Overstating experience: The best way to check this is to include an on-the-job day as a final segment of the hiring process. A lack of skills quickly becomes apparent when the potential hire works closely with current employees who are expert in their work.

Falsely claiming college or other degrees: Often, the names of schools will be mentioned, but degrees and dates of attendance will be left off. To check whether an applicant received a degree, simply call or write the institution. Some institutions may not give out all requested information, but most will verify whether an individual graduated and received a degree. Also, numerous institutions exist that give MBAs and PhDs without an adequate, certified curriculum. If an MBA or PhD is needed for the job, you may want to check the credibility of these programs before you hire the job candidate.

Falsifying reasons for leaving former jobs: To verify, call former employers. It might be difficult to check this accurately because many employers are reluctant to say anything that might leave them liable — although some will indicate whether an employee is eligible for rehire with that company.

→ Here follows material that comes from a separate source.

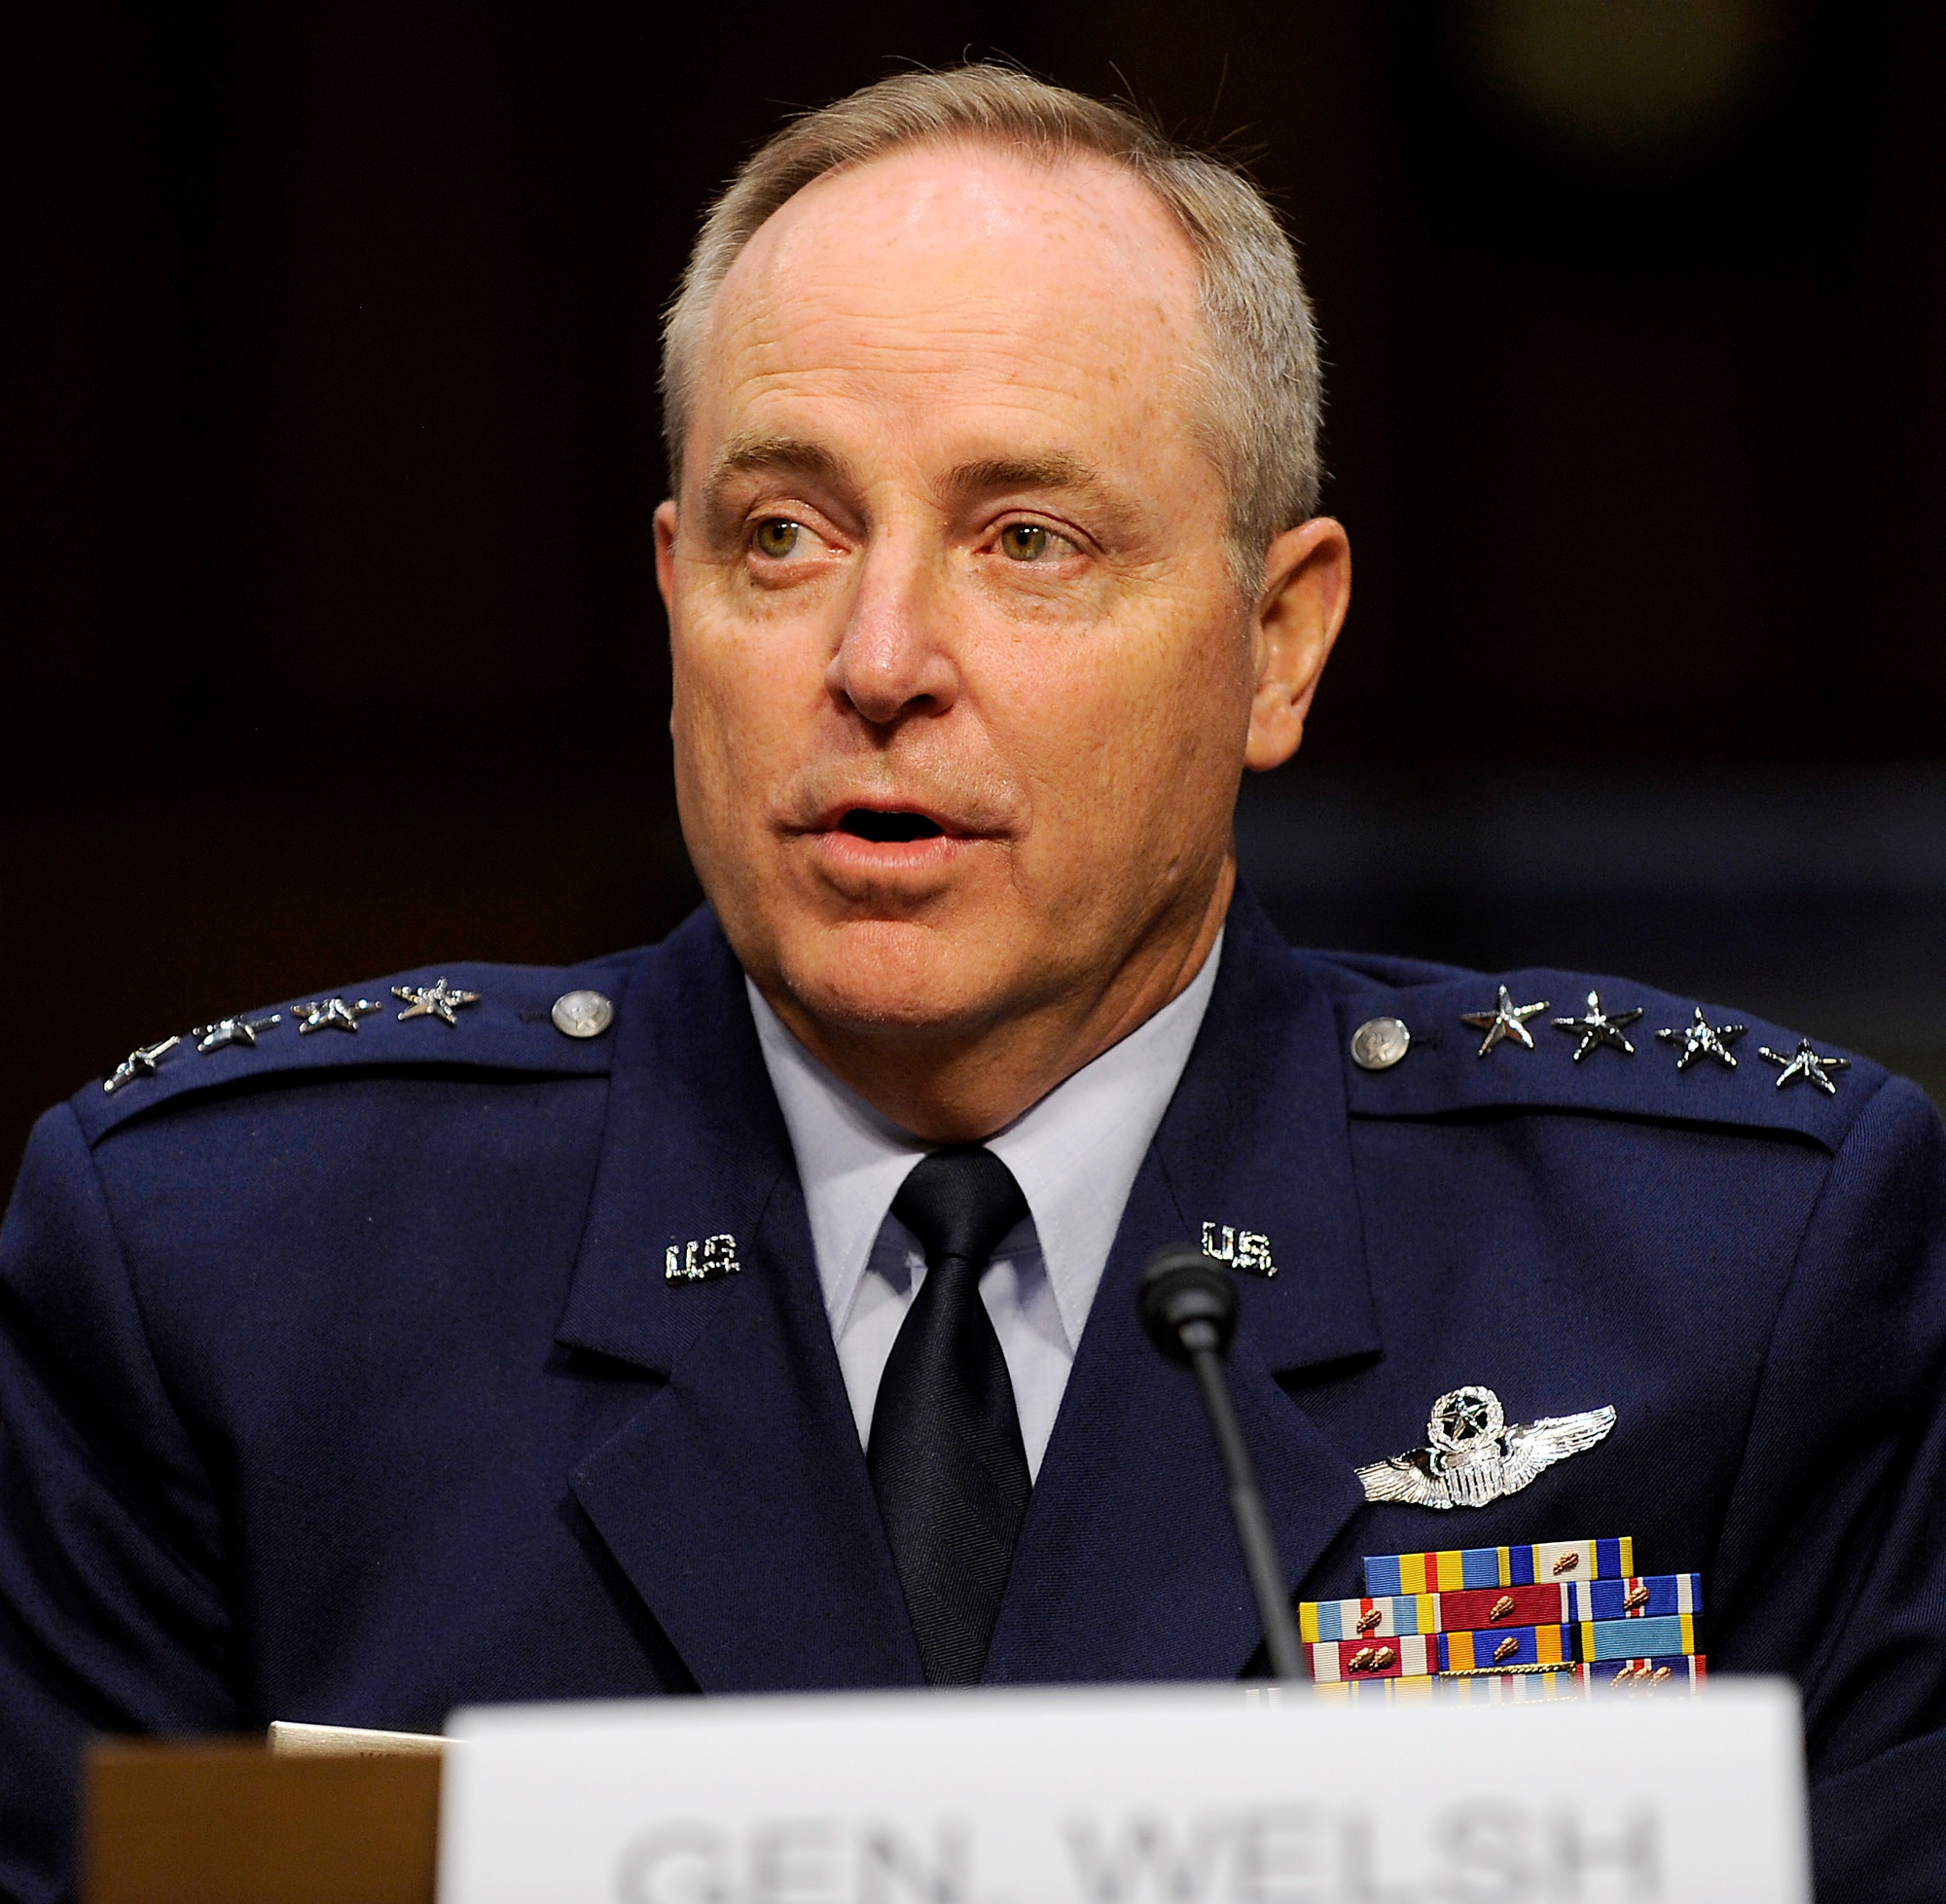 Gen. Mark A. Welsh III, the commander of U.S. Air Forces in Europe, testifies before the Senate Armed Services Committee in Washington, D.C., on July 19, 2012, as part of the confirmation process to serve as the 20th Air Force Chief of Staff.  If confirmed, Welsh will replace Gen. Norton Schwartz, who retires Aug. 10.  (U.S. Air Force photo/Scott M. Ash)

Fudging dates of employment to fill gaps in work history: This is usually easier to check because former employers are more likely to verify specific dates of employment.

During and after the hiring process, there is no substitute for requiring actual on-the-job demonstrations of ability, in the form of tests to determine skill levels, or even in the form of trial work periods that can range from several days to a month. When hiring an employee subject to a trial period, don’t get caught in a legal trap. It’s important to inform the individual both verbally and in writing about the length and what needs to be demonstrated during the trial period.

It’s normal for an employee to receive a salary during a trial, although the full salary level may not be established until after a satisfactory trial period.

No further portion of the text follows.